The Charter Hall Core Plus Industrial Fund (CPIF) acquired 6.6 hectares of industrial-zoned land in Smithfield from TransGrid for $8.9 million, with an option to buy an additional five adjoining hectares as part of a three-stage logistics development.

National logistics operator Northline pre-committed to an eight-year lease for 16,500 square metres of lettable area. Northline’s facility will be built on 3.3 hectares, is indicatively worth $24 million on completion and is due to be finished late this year, completing stage 1 of the $80 million Sydney development.

Jones Lang LaSalle national director Andrew Maher said Smithfield offers investors and owner-occupiers a genuine alternative because its access to metropolitan Sydney and population makes the site well suited to users in the online retail sector and metropolitan deliveries, while also accommodating line-haul functions.

The article reports a transformation across South Sydney industrial strata—buyers and tenants from Alexandria to Mascot are finding stock scarce, well-priced quality units are being snapped up quickly, inquiries are coming from expanding tenant-owners seeking more warehouse space, and more investors are re-entering the market after a subdued 2012.

Yes. CBRE senior negotiator Chris Ryan noted sales including a 681 square metre warehouse on Ralph Street in Alexandria sold for $1.95 million to commercial fitout business Intermain, and a 794 square metre site at 1/53 Burrows Road, Alexandria, sold by Stelladorate to Obeco Glass Blocks for $1.25 million.

Recent leasing activity cited includes a modern 328 square metre strata unit in Waterloo leased from Seaberth to Lace Me Up at $170 per square metre net. Lace Me Up imports onesies and has grown from a smaller warehouse in St Peters, illustrating tenant-driven demand.
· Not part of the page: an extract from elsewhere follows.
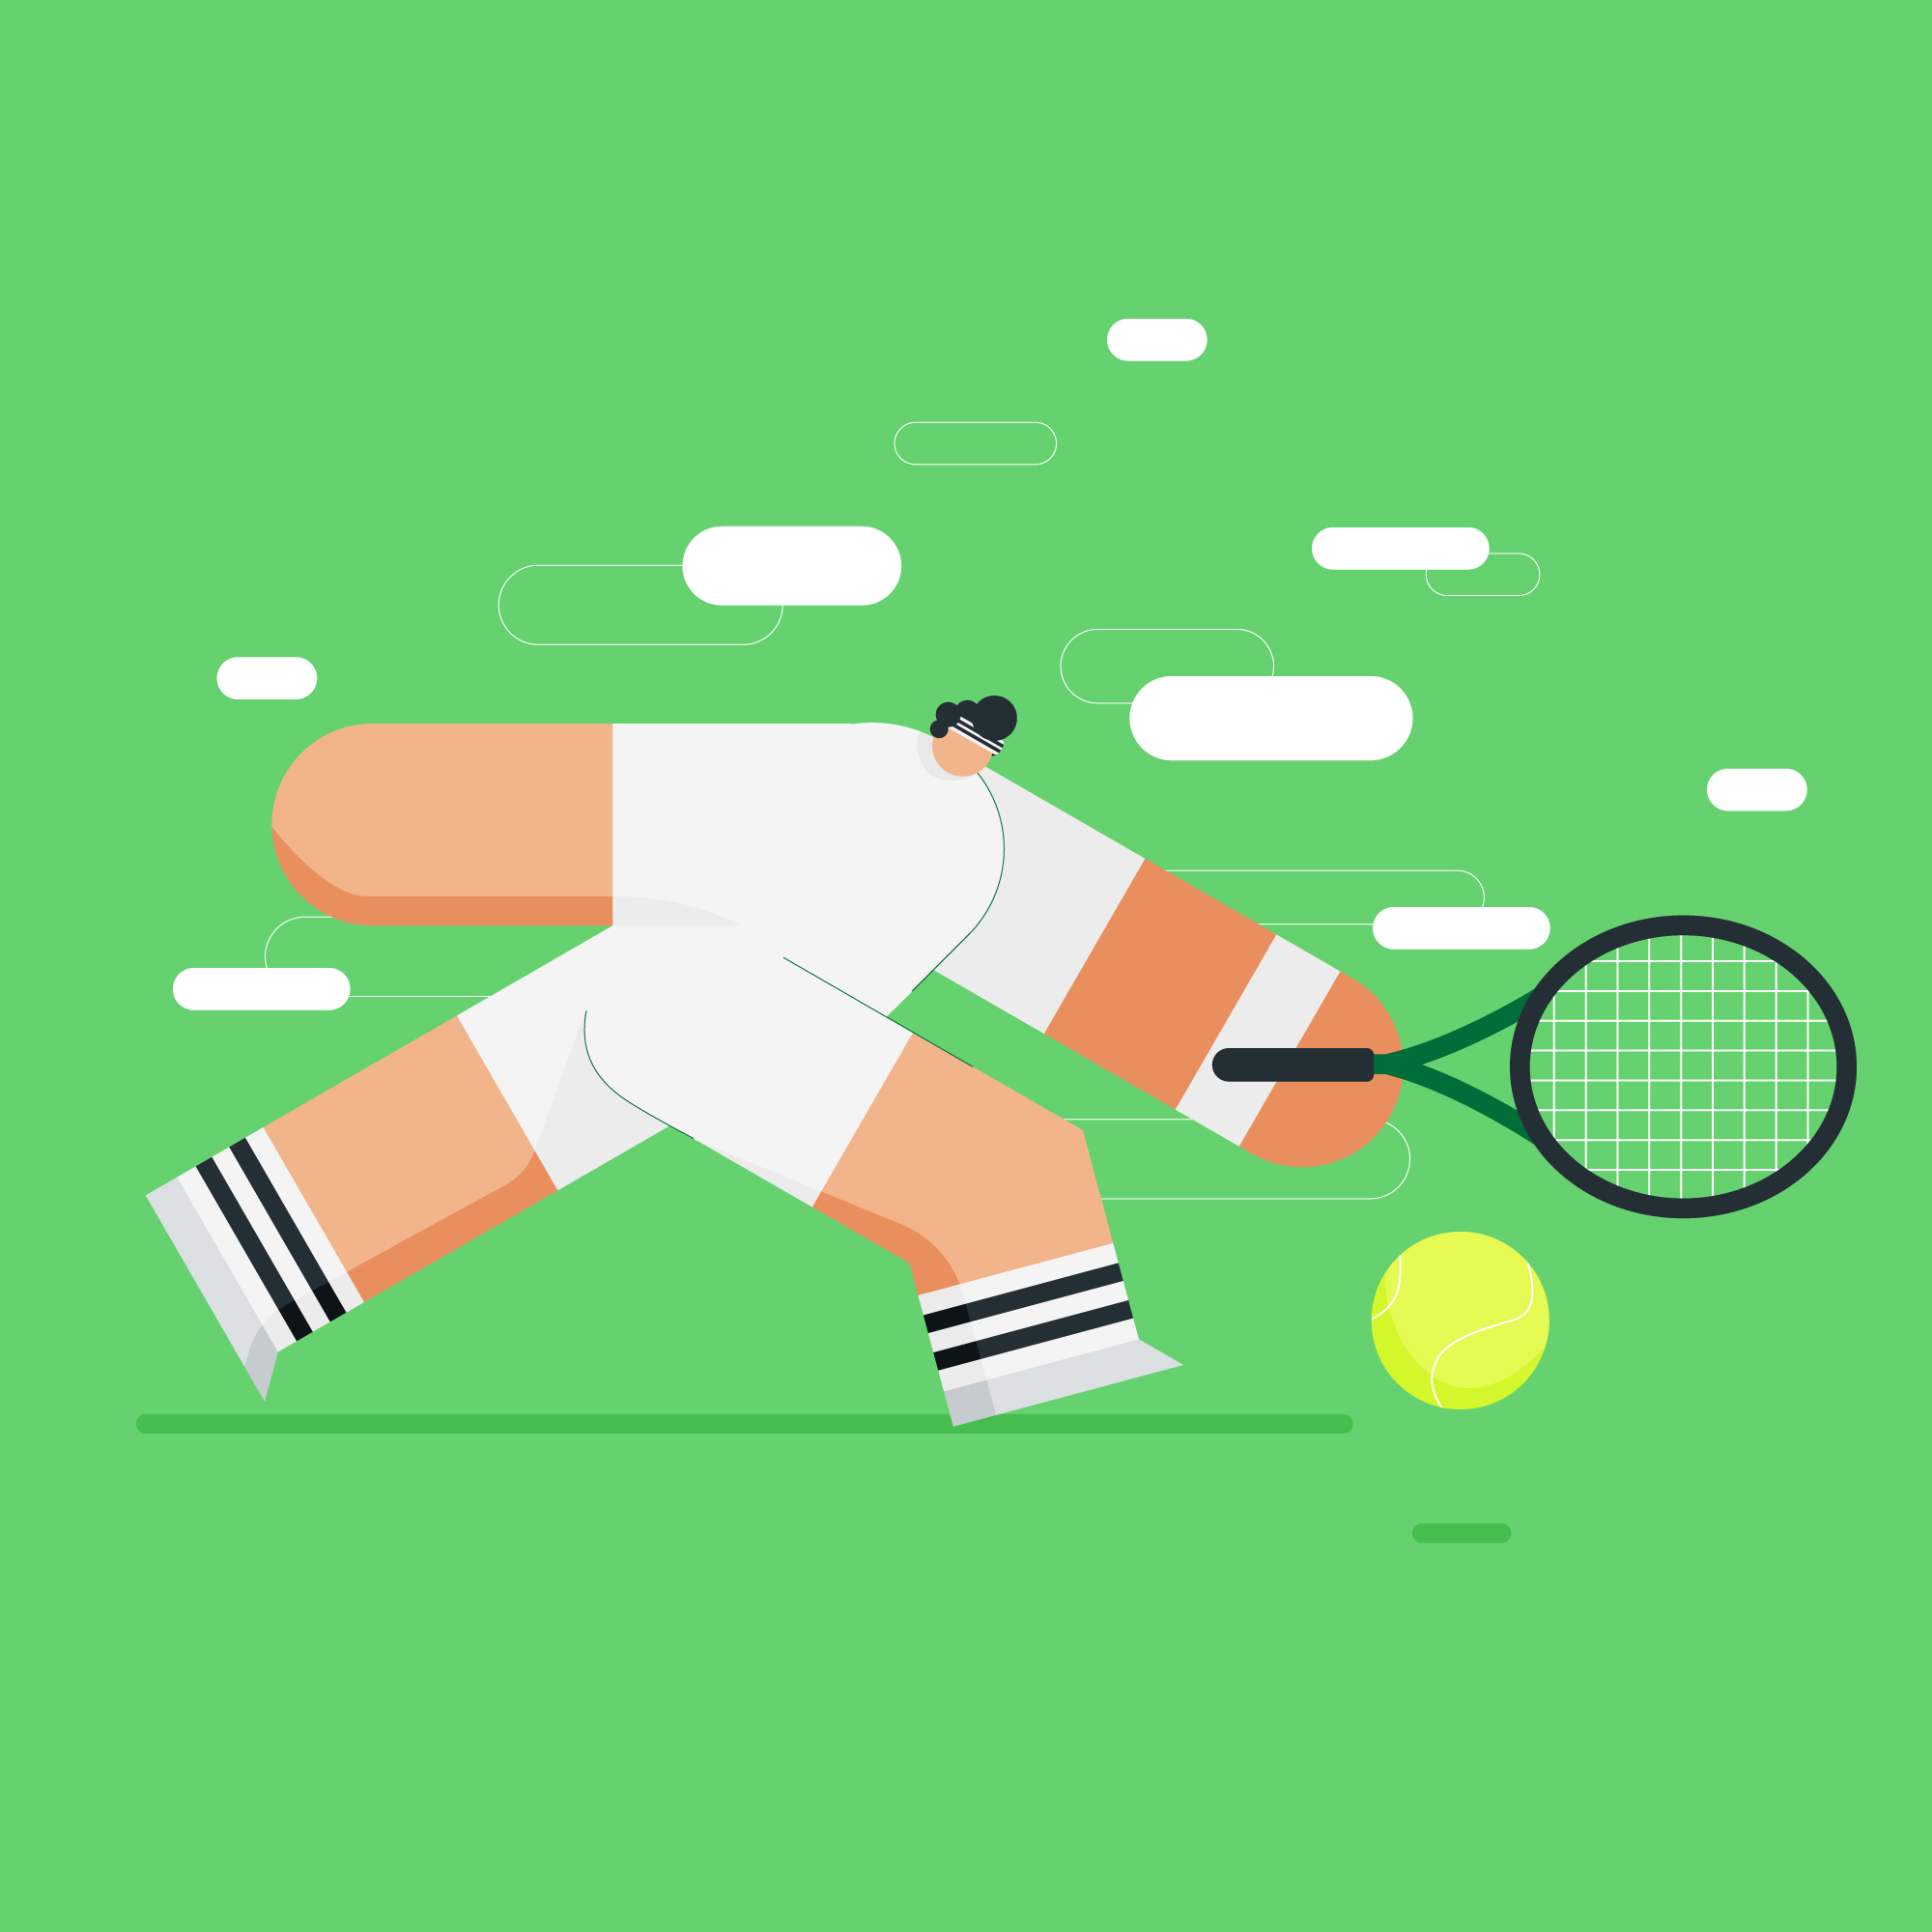 BigBuds_Tennis_Insta.jpg
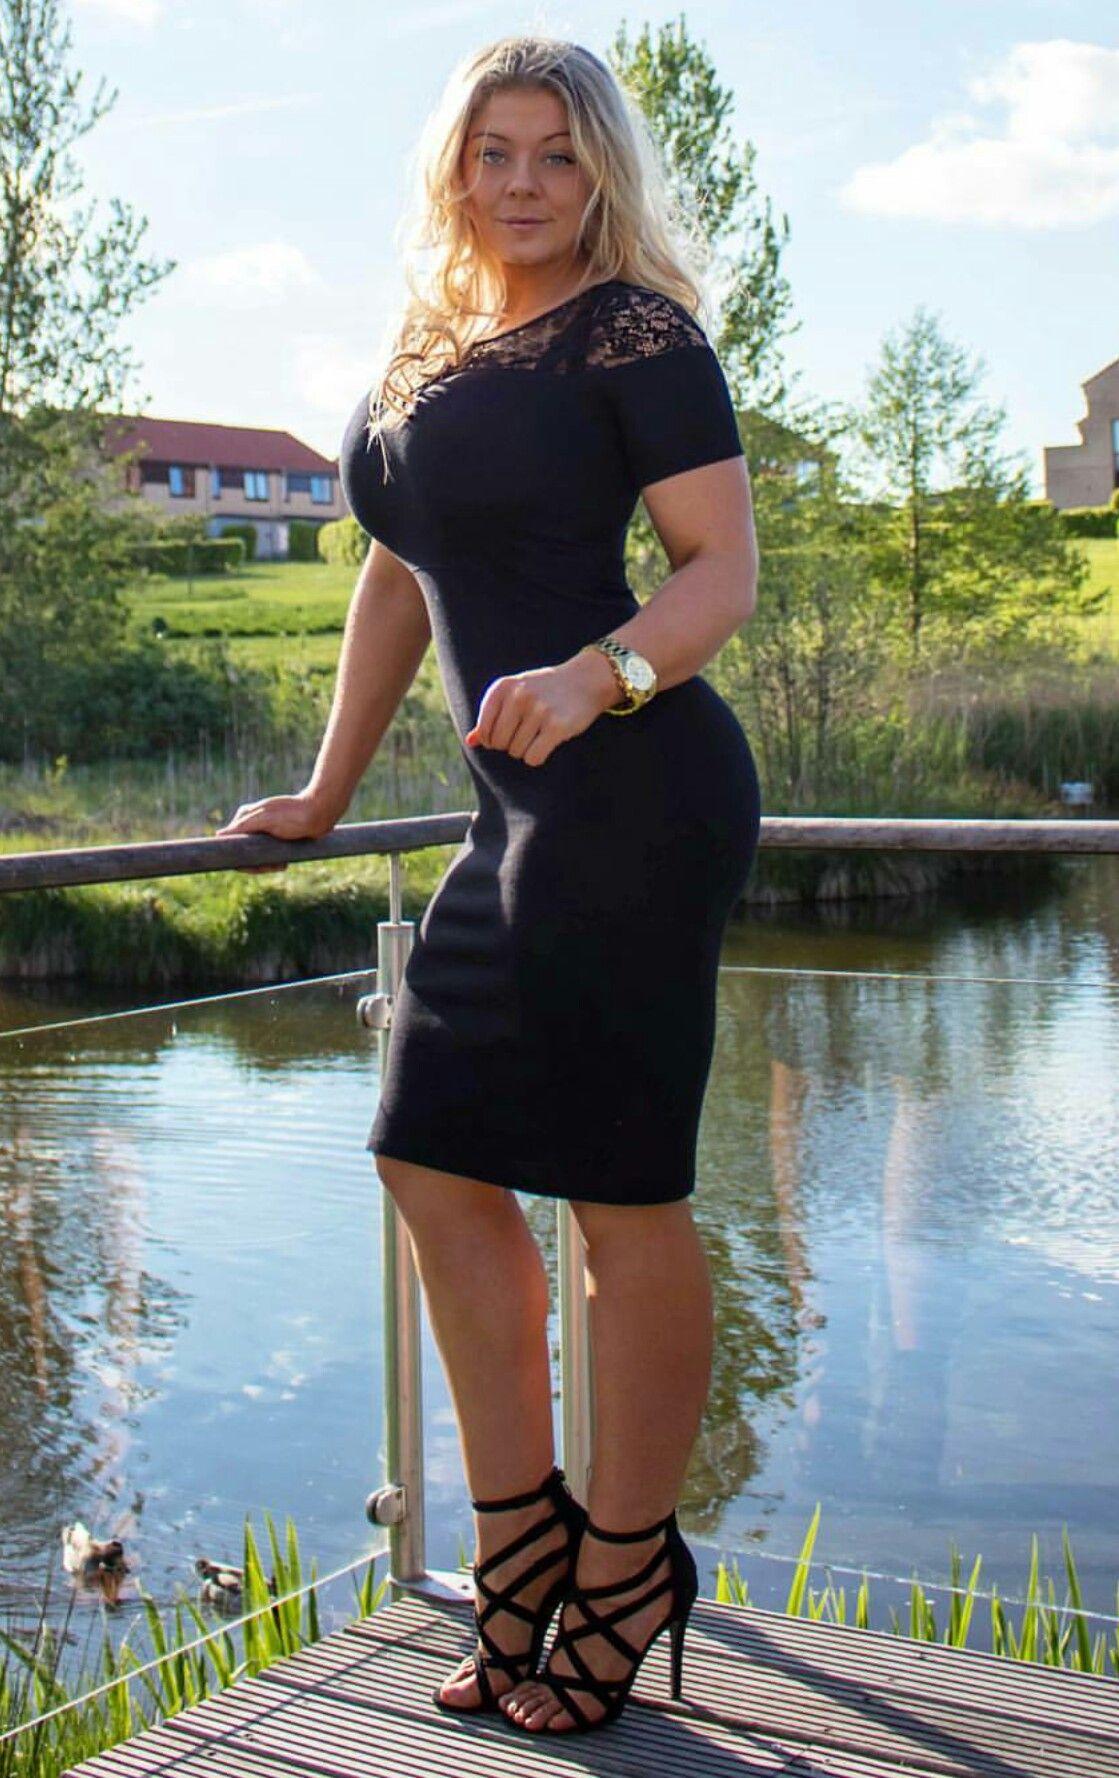 Mia Sand in her  littleblackdress  MissMiaFit  blonde  curves  Beautiful   fitnessmodel  Denmark 94b4ef16f3

The deals highlight strong demand and limited supply in inner and south Sydney industrial markets, with institutional developments (like CPIF’s Smithfield project) and active strata transactions showing both occupier demand and investor interest—important signals for everyday investors considering industrial property exposure.

The article quotes Andrew Maher of Jones Lang LaSalle, who highlighted Smithfield’s strategic access for online retail and line-haul users, and Mark Silva of CBRE, who noted limited stock from Alexandria to Mascot, rapid take-up of quality units, growing inquiries from expanding tenants, and returning investor activity.